That's a paid study, it's worthless. You are very disingenuous by providing it.
> It has to be noted that the research was carried out as part of Carnegie Mellon University’s Initiative for Digital Entertainment Analytics (IDEA), which received a generous donation from the MPAA.
I see nothing in this paper which is proving their claim. The worst part is when they talk about the drop of CD sales pre-streaming where the legal options to consume music online ... just didn't exist at all.
If there's no legal option where your customers can pay you, that sure can lead to a revenue drop.
The music industries have been very slow to adapt to the internet and it has cost them some revenue, I'll give you that but that has nothing to do with piracy.
>If there's no legal option where your customers can pay you, that sure can lead to a revenue drop.
But you think that all stopped as soon as there was a legal option?

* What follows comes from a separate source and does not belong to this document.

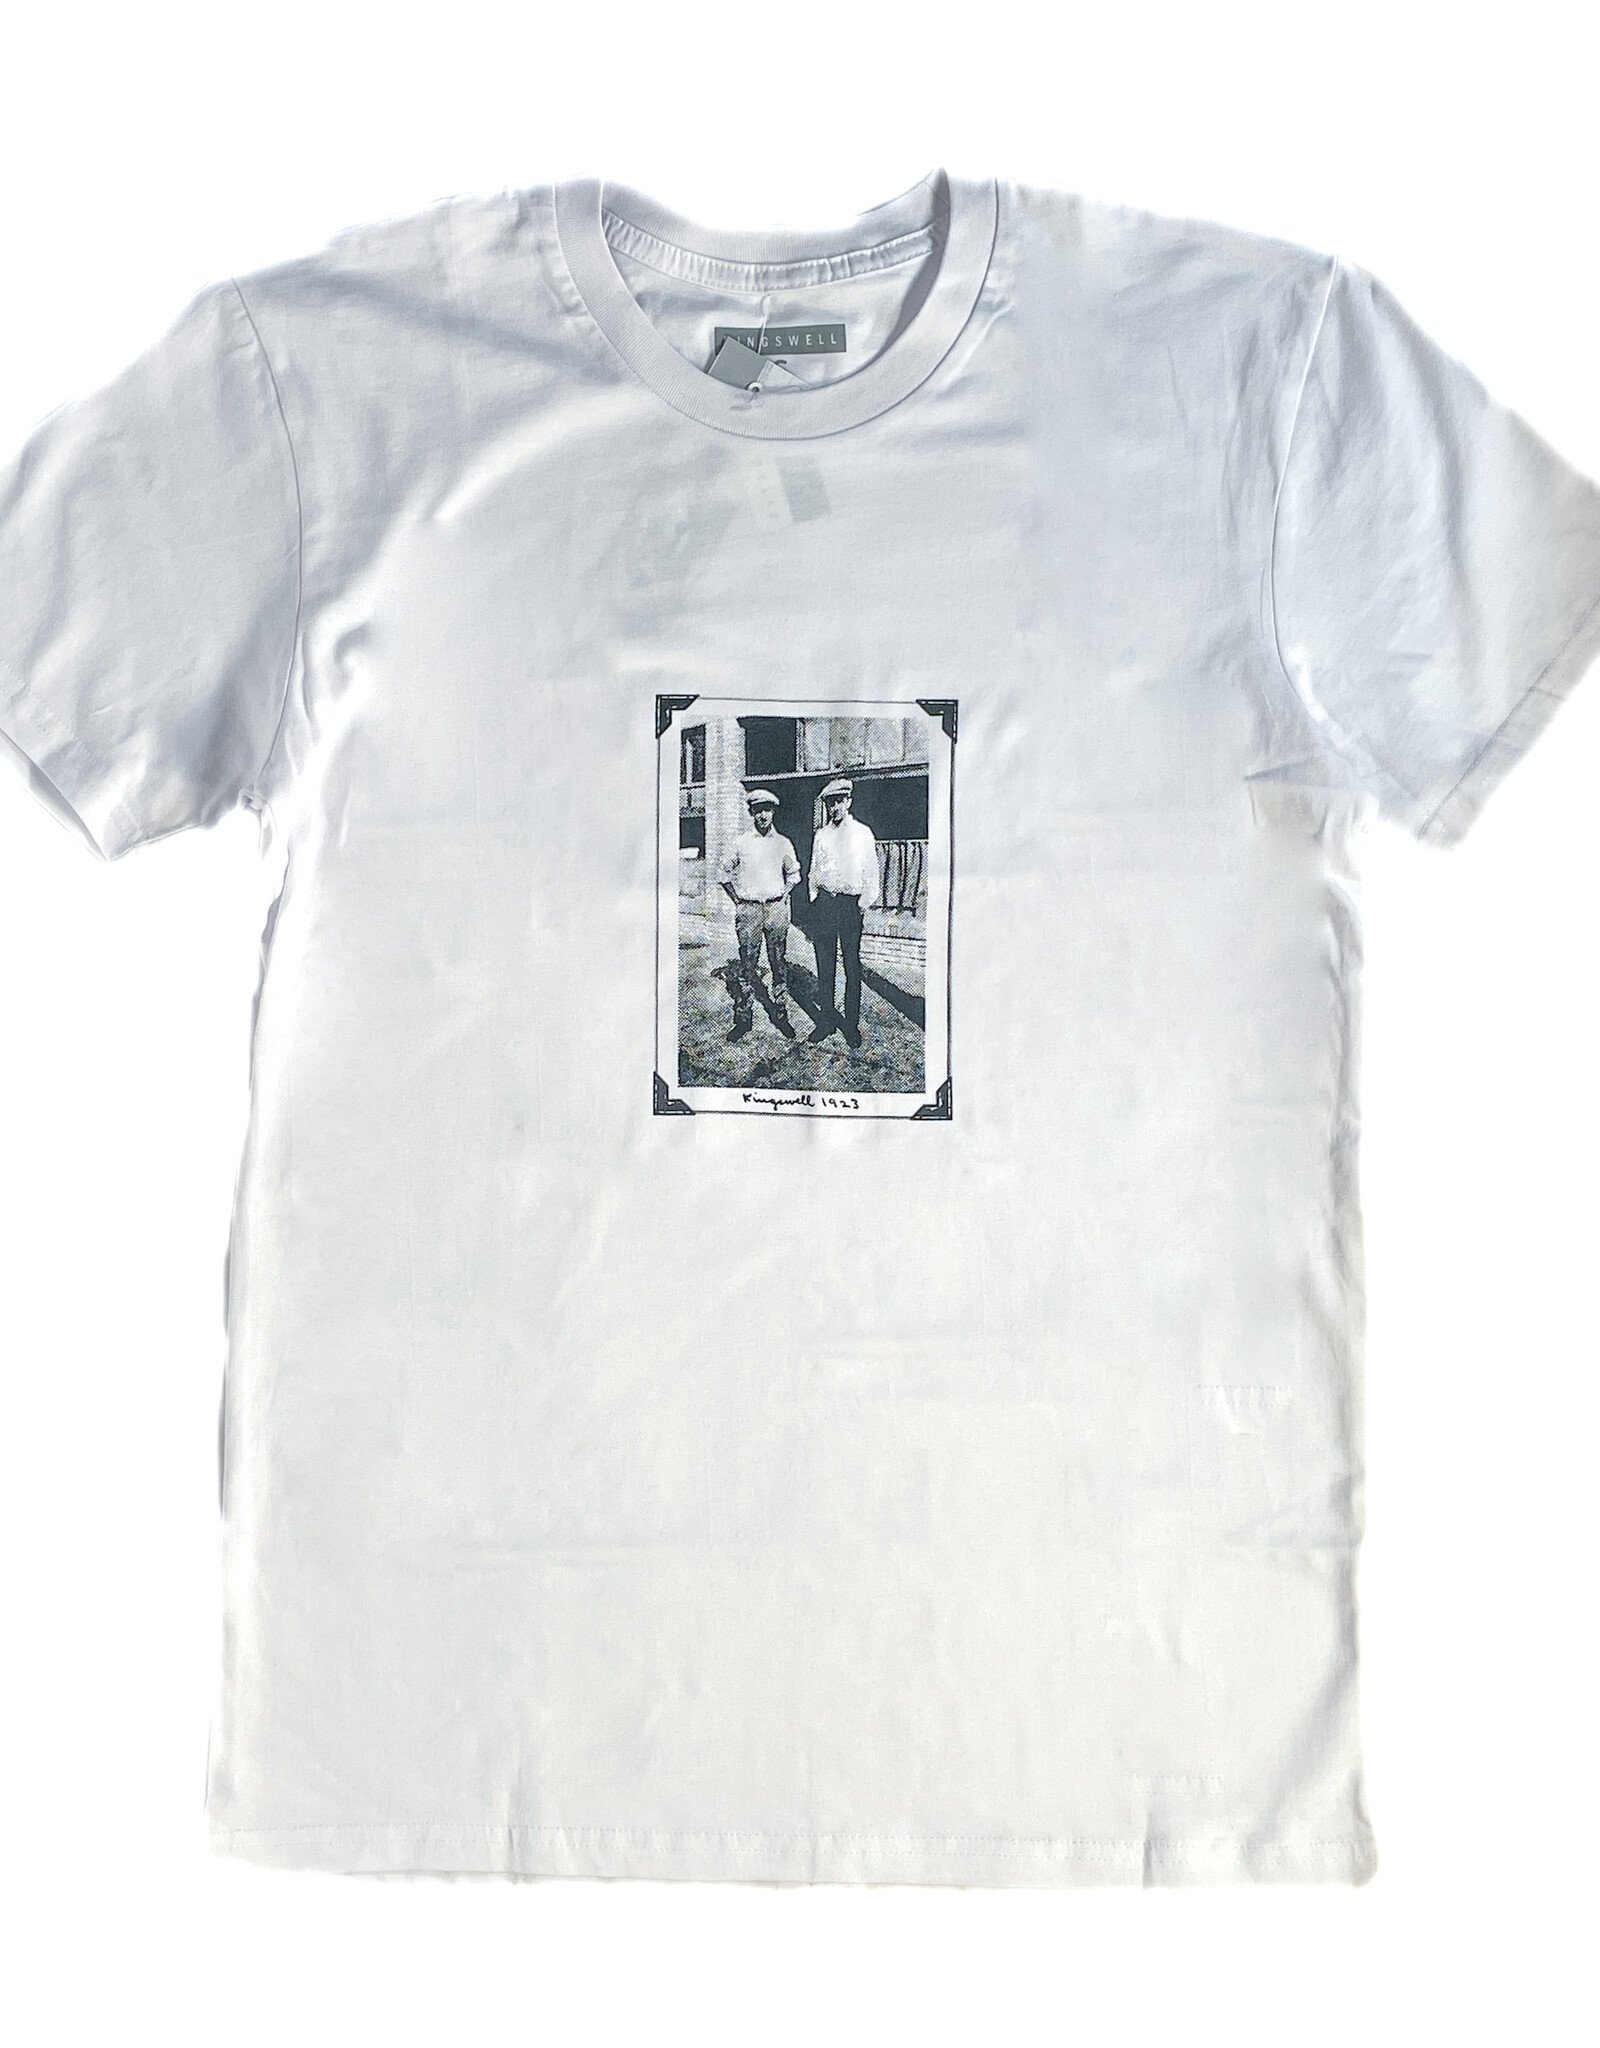 KINGSWELL KINGSWELL YOUTH FOUNDERS TEE - WHITE
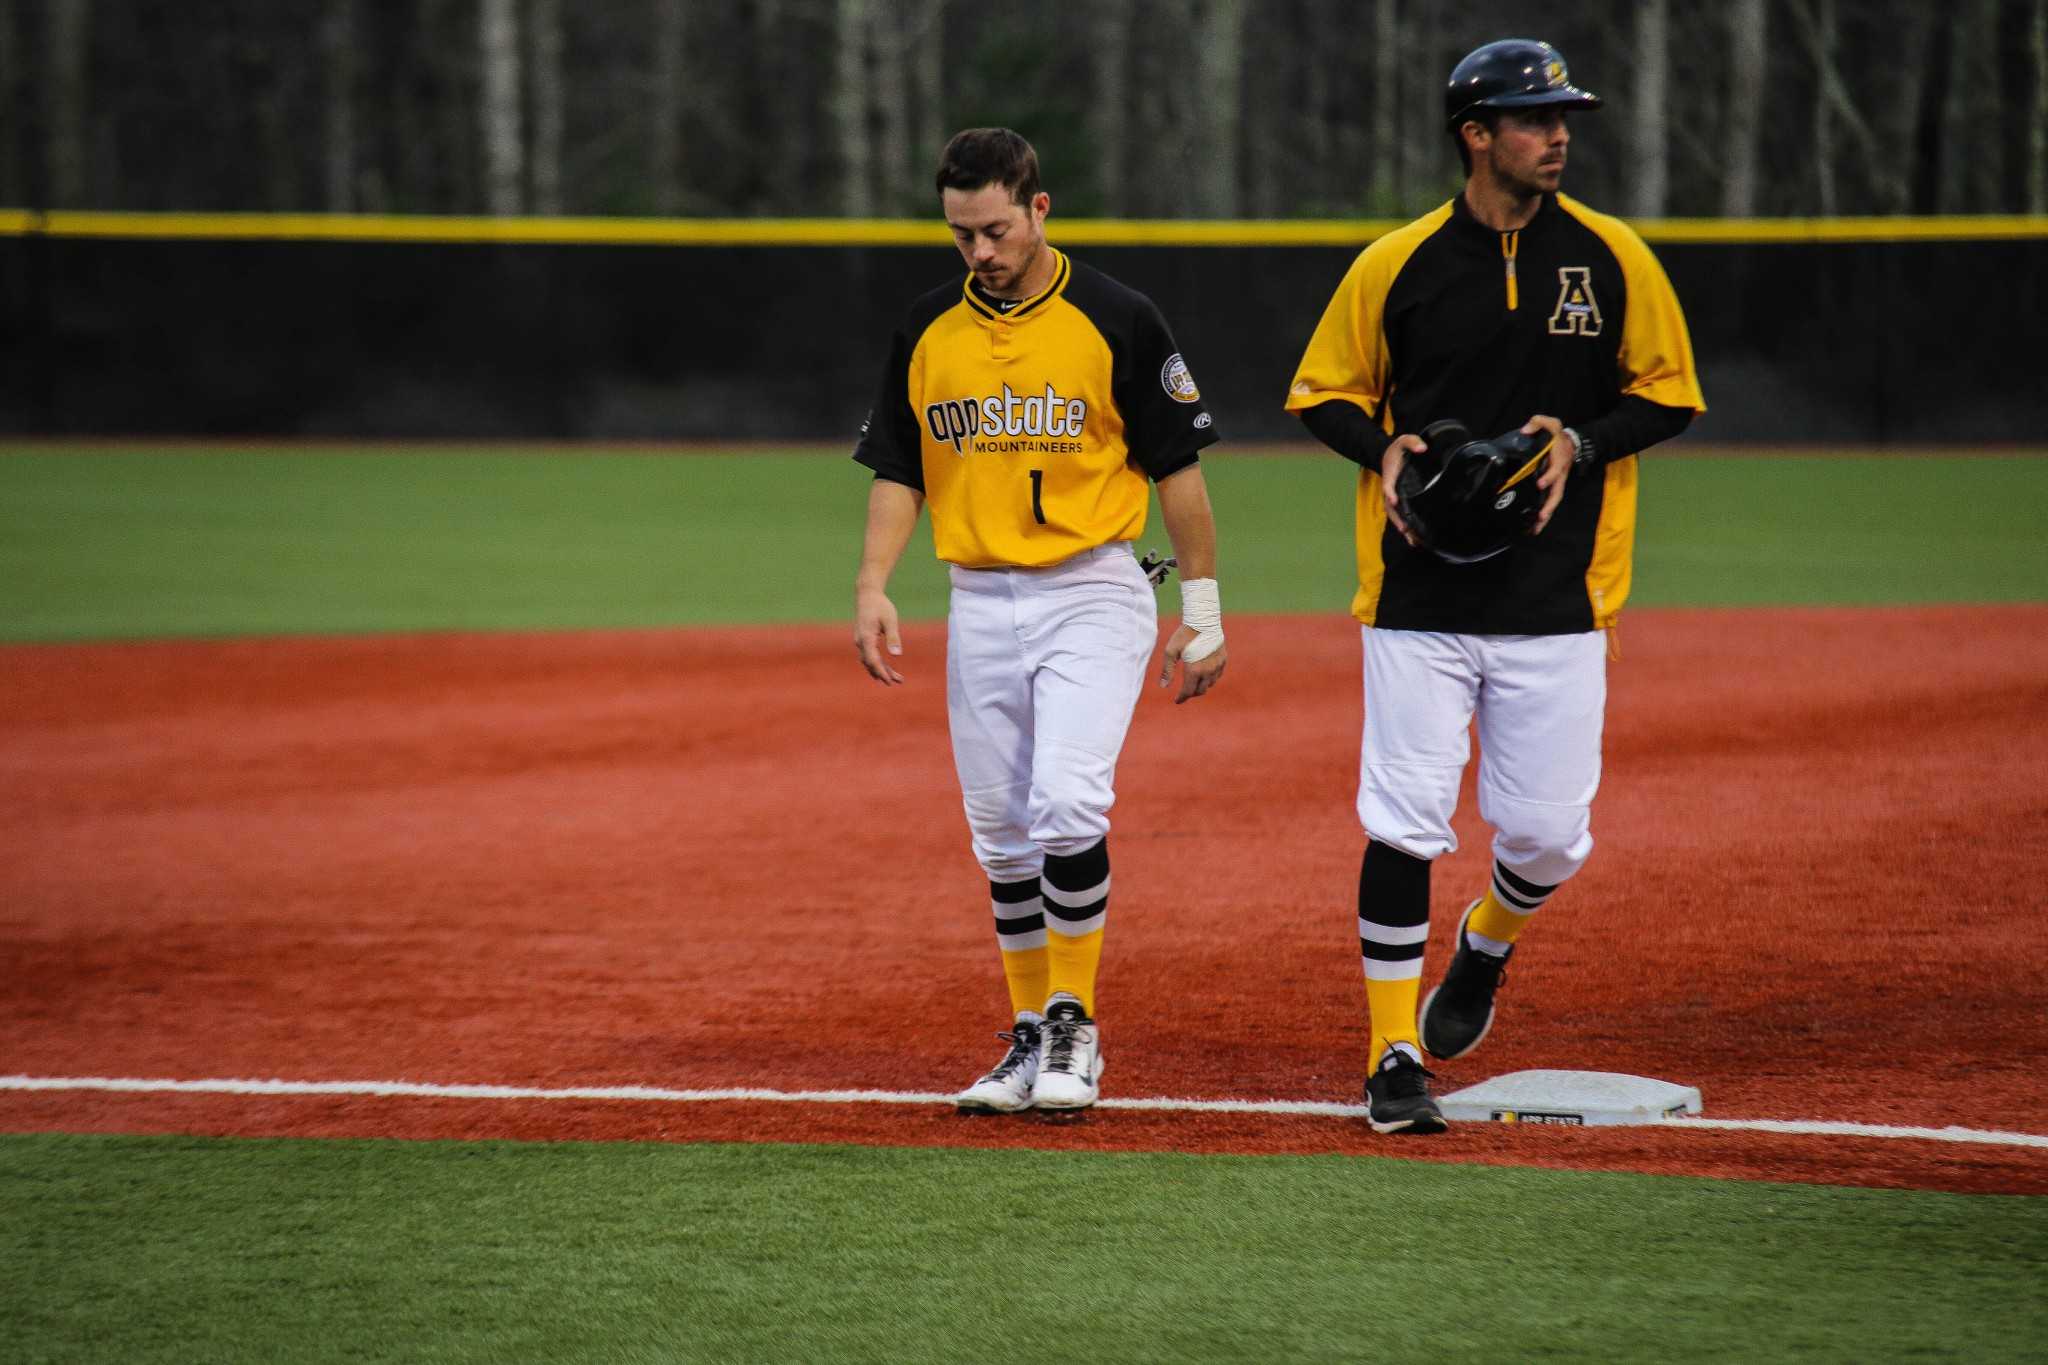 Junior outfielder Brandon Burris (left) walks off the field during App State's series opener against Georgia State. The Mountaineers had multiple defensive errors that resulted in a 4-3 loss in 12 innings. Photo: Gerrit Van Genderen | The Appalachian

Do you really think there are no people out there who can afford it but chose to pirate anyway?
I don't know why people find it so hard to believe other than they are trying to justify their own activity. Do you think the media industry spent all this money on anti-piracy activities just for the fun of it?
> But you think that all stopped as soon as there was a legal option? Do you really think there are no people out there who can afford it but chose to pirate anyway?
As soon as they added a way to receive money, customers paid, it's visible on the graph.
If customers can't pay you, of course you are going to lose money.
> I don't know why people find it so hard to believe other than they are trying to justify their own activity. Do you think the media industry spent all this money on anti-piracy activities just for the fun of it?
It has more to do about content control than money. Guess who benefits the most of stricter copyright rules? The RIAA, MPAA and similar organisations, it's a conflict of interest. Being harsh on piracy is easier to sell than just "give us more power because we deserve it"
>As soon as they added a way to receive money, customers paid, it's visible on the graph.
Some customers paid. What I'm saying is there are a significant number who could pay but won't and the harder you make the piracy the smaller that number will be.
And this statement is based on what exactly? The overall pie of music revenue even increased since the CD era.
And music piracy isn't any harder than 10 years ago, it's using the exact same tech.
The only thing that changed is that now there's a way to pay for music legally online, which wasn't the case before.
The lesson to learn for the music industries here based on data is that customers will pay if there's realistic service they can pay for, if they don't have a way to pay for music, they won't get any money. That sounds obvious but now we have the figures associated showing that.